Yes, the International Association of Public Transport (UITP) says transport is a major emitting sector – they estimate it accounts for 23 percent of energy-related CO2 emissions globally. A study conducted by the UITP and the International Energy Agency (IEA) found that, on average, public transport consumes 3,4 times less energy per passenger/kilometre than cars (obviously being even more favourable during peak hours), and in cities where citizens walk and cycle a lot, each individual saves 500 to 600 litres of petrol each year. However, as the UITP admits, demand worldwide for transport appears unlikely to decrease in the foreseeable future and rapid motorisation, especially in developing countries, will see fuel demand grow by 40 percent by 2035.

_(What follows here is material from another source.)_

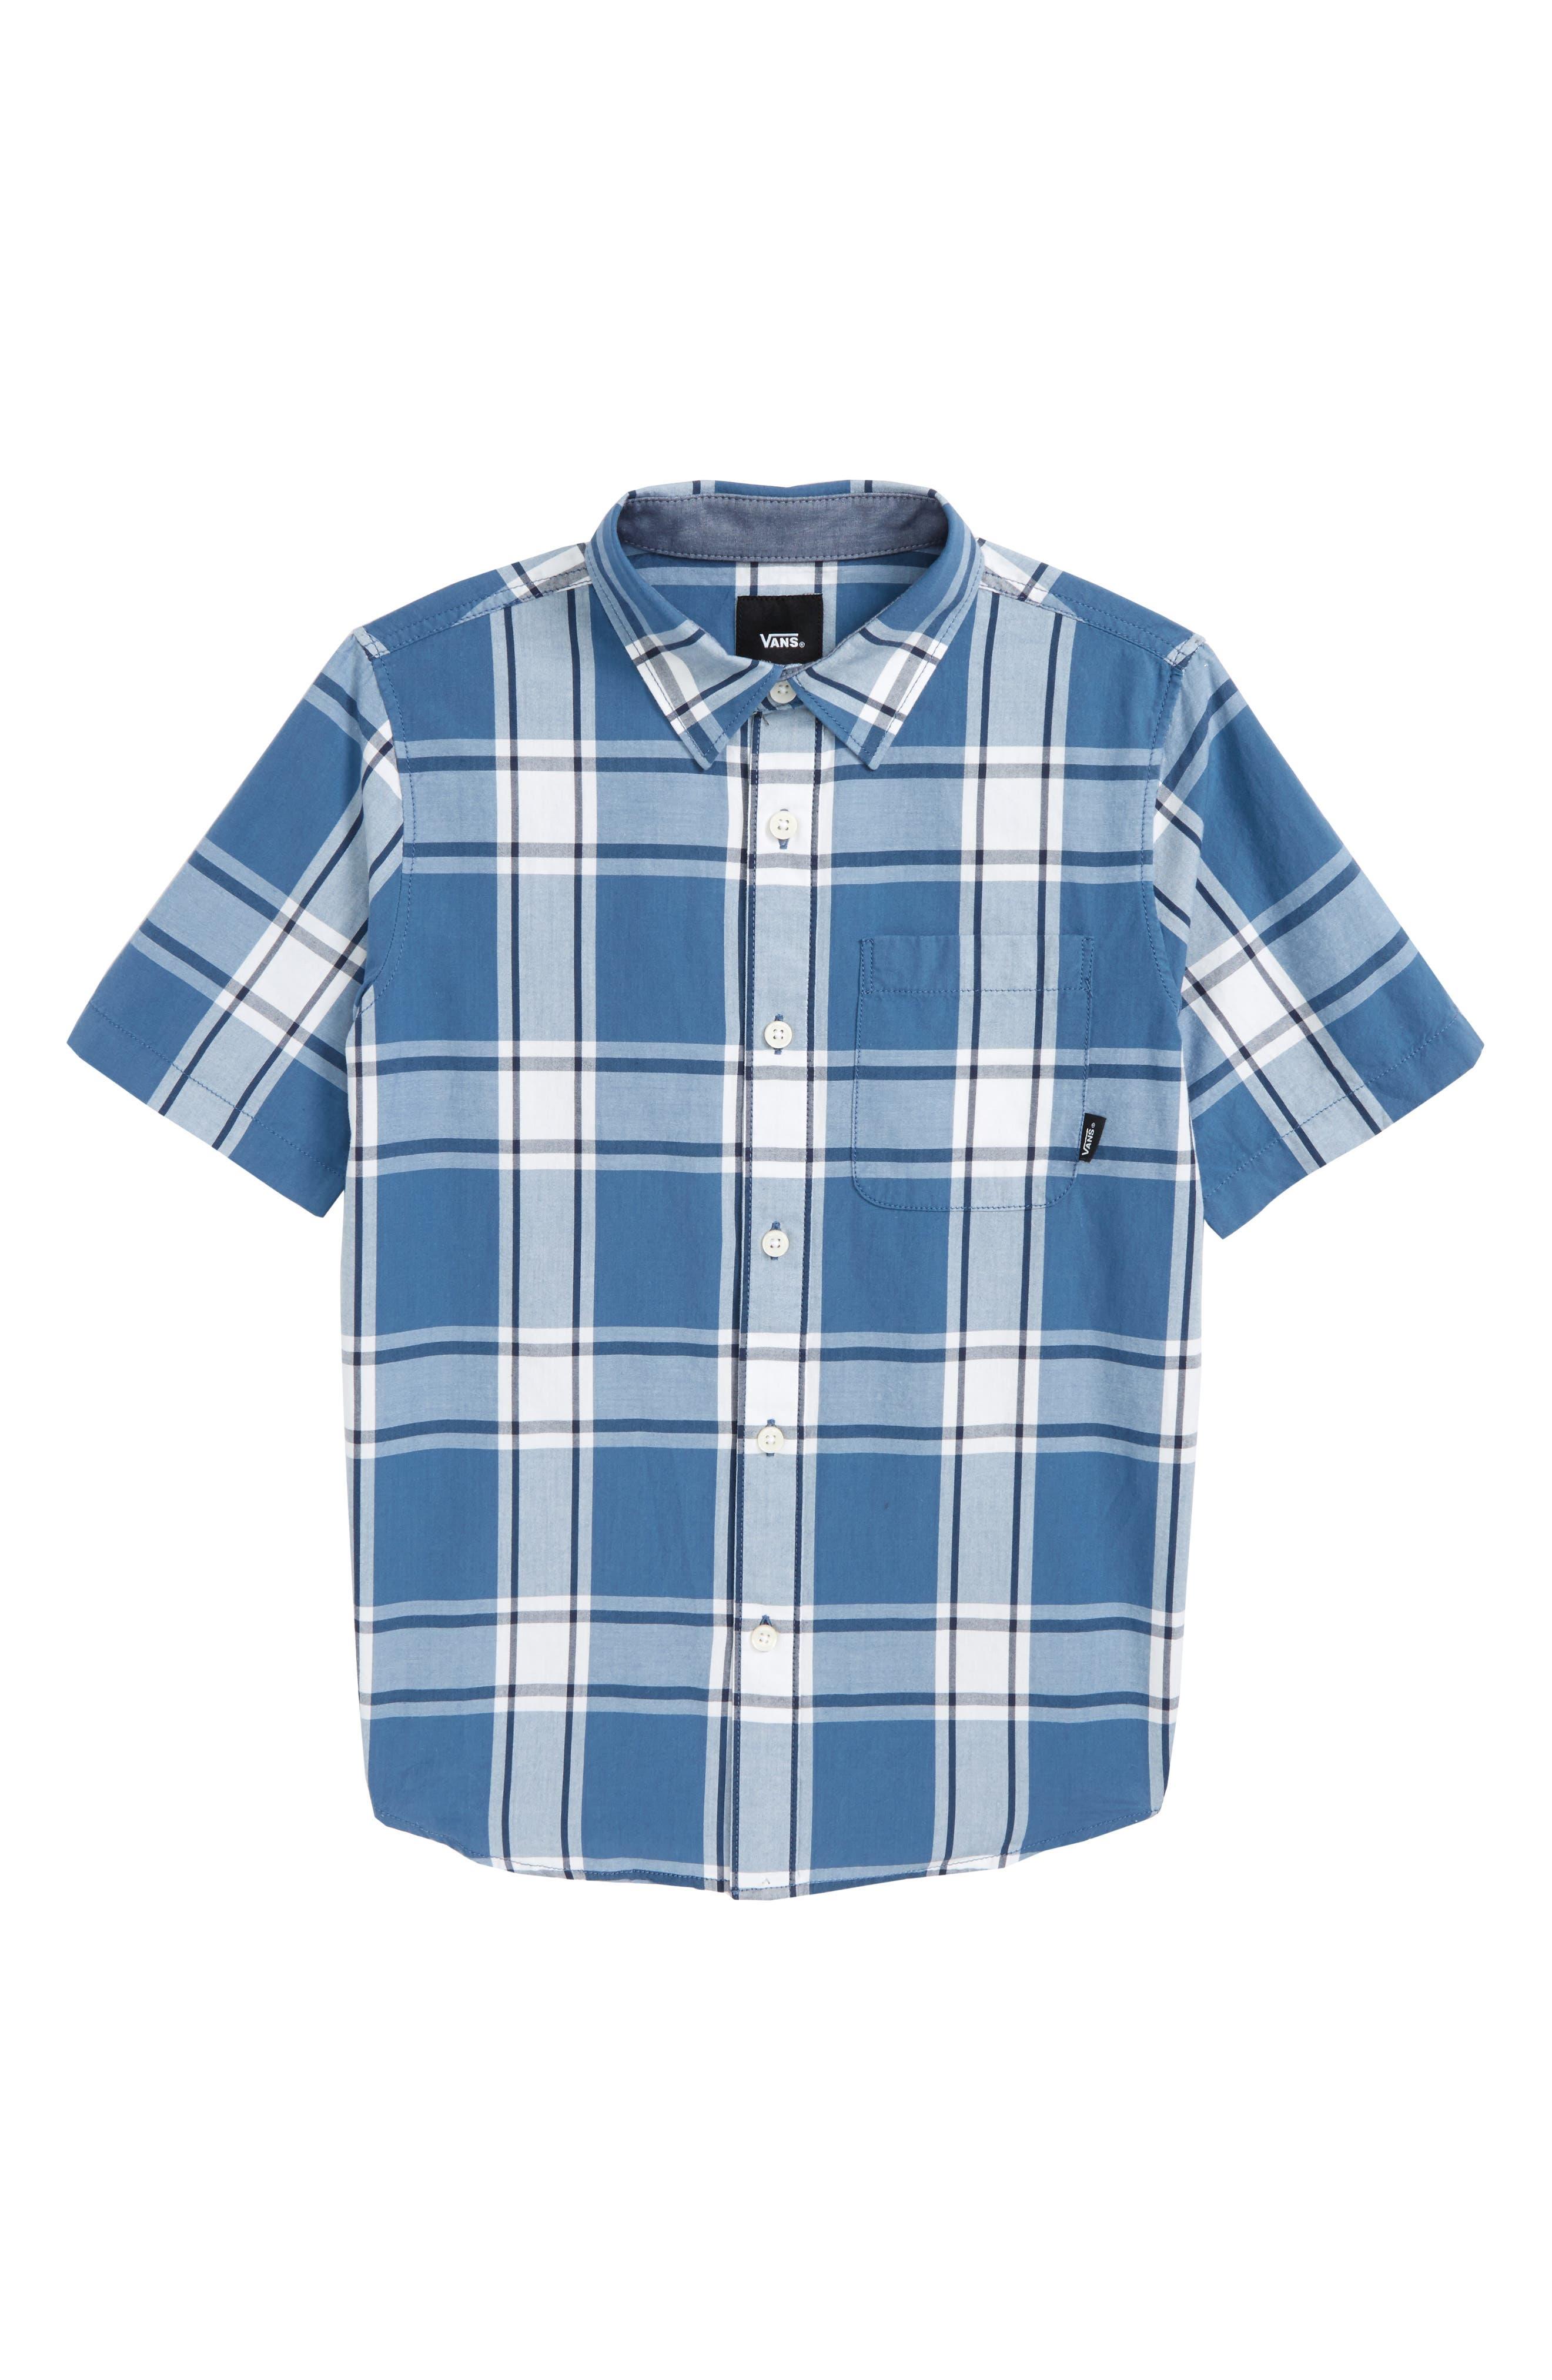 Mayfield Plaid Woven Shirt,                             Main thumbnail 1, color,                             420

In the same vein, the problem with Christensen’s observation – as utterly correct as he is – is that, over the short- to medium-term at least, it’s simply unrealistic to expect such a vast change of mindset in anything other than a gradual manner. And especially in a country such as South Africa, which will need a drastically changed infrastructure. Furthermore, vehicle manufacturers, their suppliers and all associated parties would doubtless be distressed at the prospect of suddenly losing massive amounts of “bums on seats”.
The UITP, for one, realises that and so proposes that by doubling the market share of sustainable transport modes we will have a real opportunity to address climate change, plus revitalise and develop economies and create jobs.

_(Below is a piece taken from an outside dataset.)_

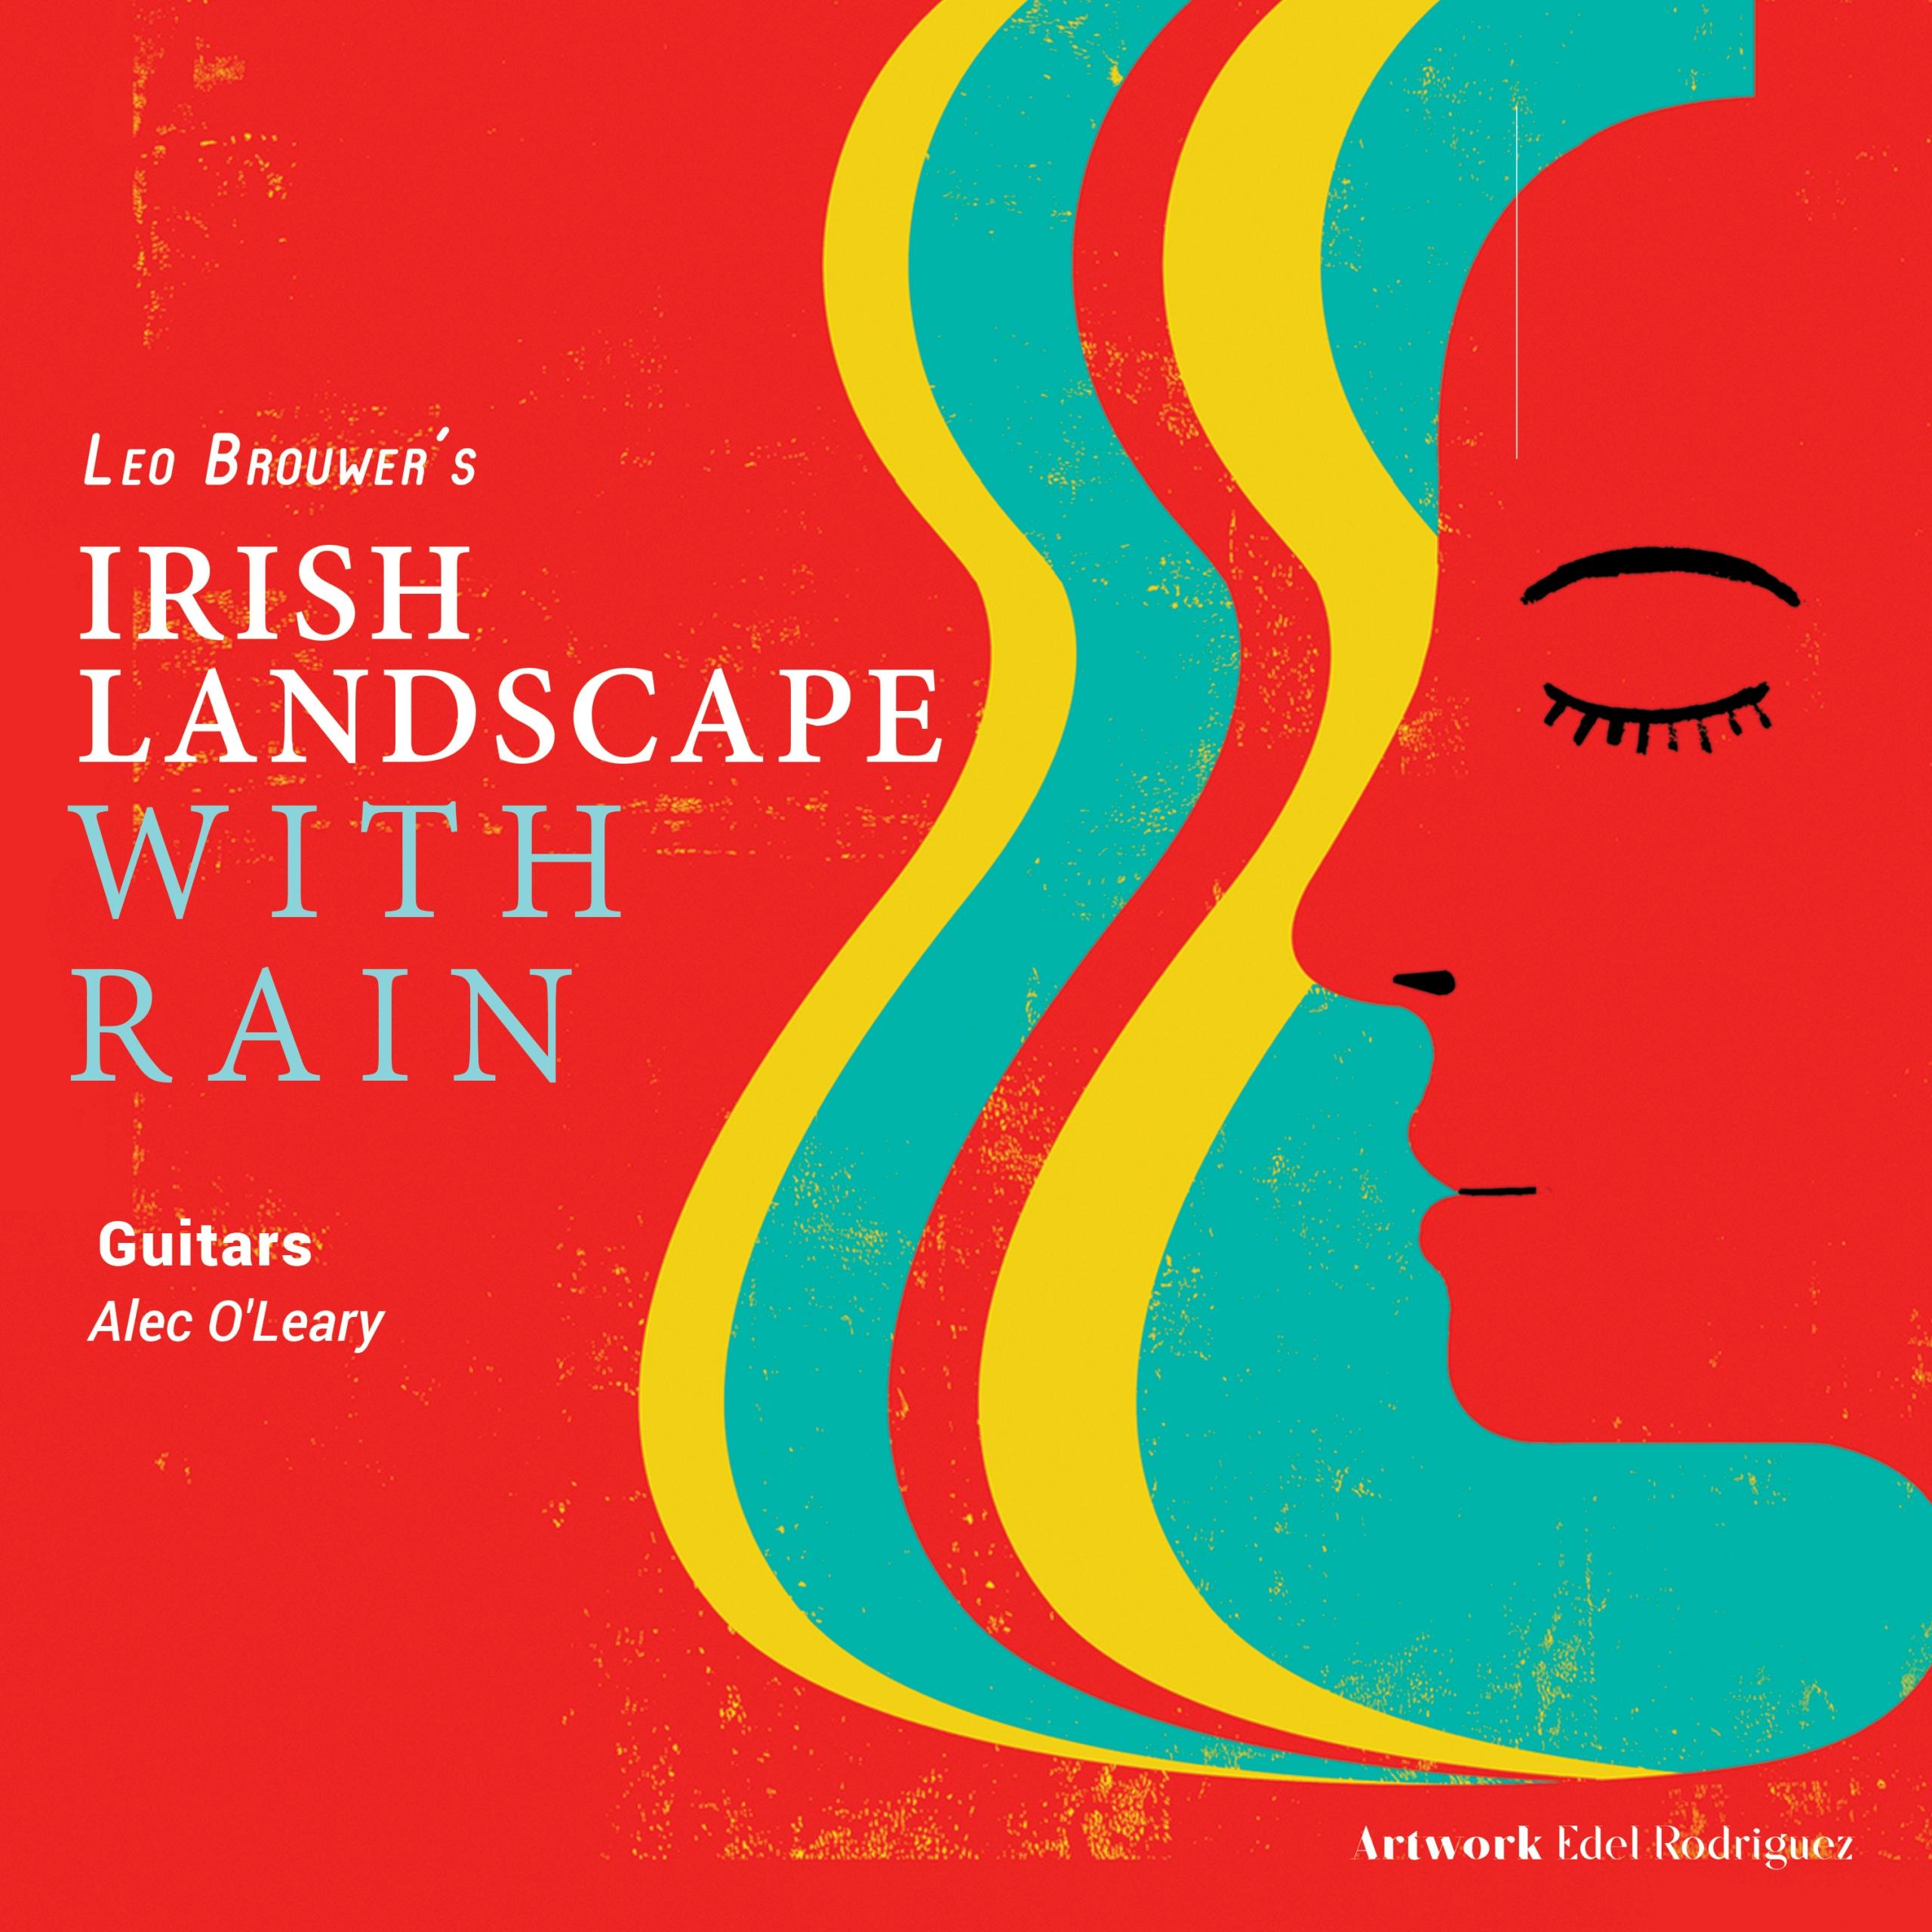 Irish Landscape with Rain cd cover

As such, said manufacturers are picking up the gauntlet with aplomb and taking their individual roles in reducing the road transport industry’s carbon footprint increasingly seriously. As you’ll see in the two instances on forthcoming pages, both Mercedes-Benz and BMW take a comprehensive, holistic view of their operations’ impacts on the environment. From “cradle to the grave”, every level of their individual operations is tied in with corporate guidelines on how to best approach the subject.
Of course, they aren’t the only ones. However, what we’re interested in isn’t necessarily how a vehicle is manufactured or what happens to it once it’s no longer fit for use. What we want to look at here is the vehicles themselves: What do the makers of our daily transport have in store for us in the not too distant future?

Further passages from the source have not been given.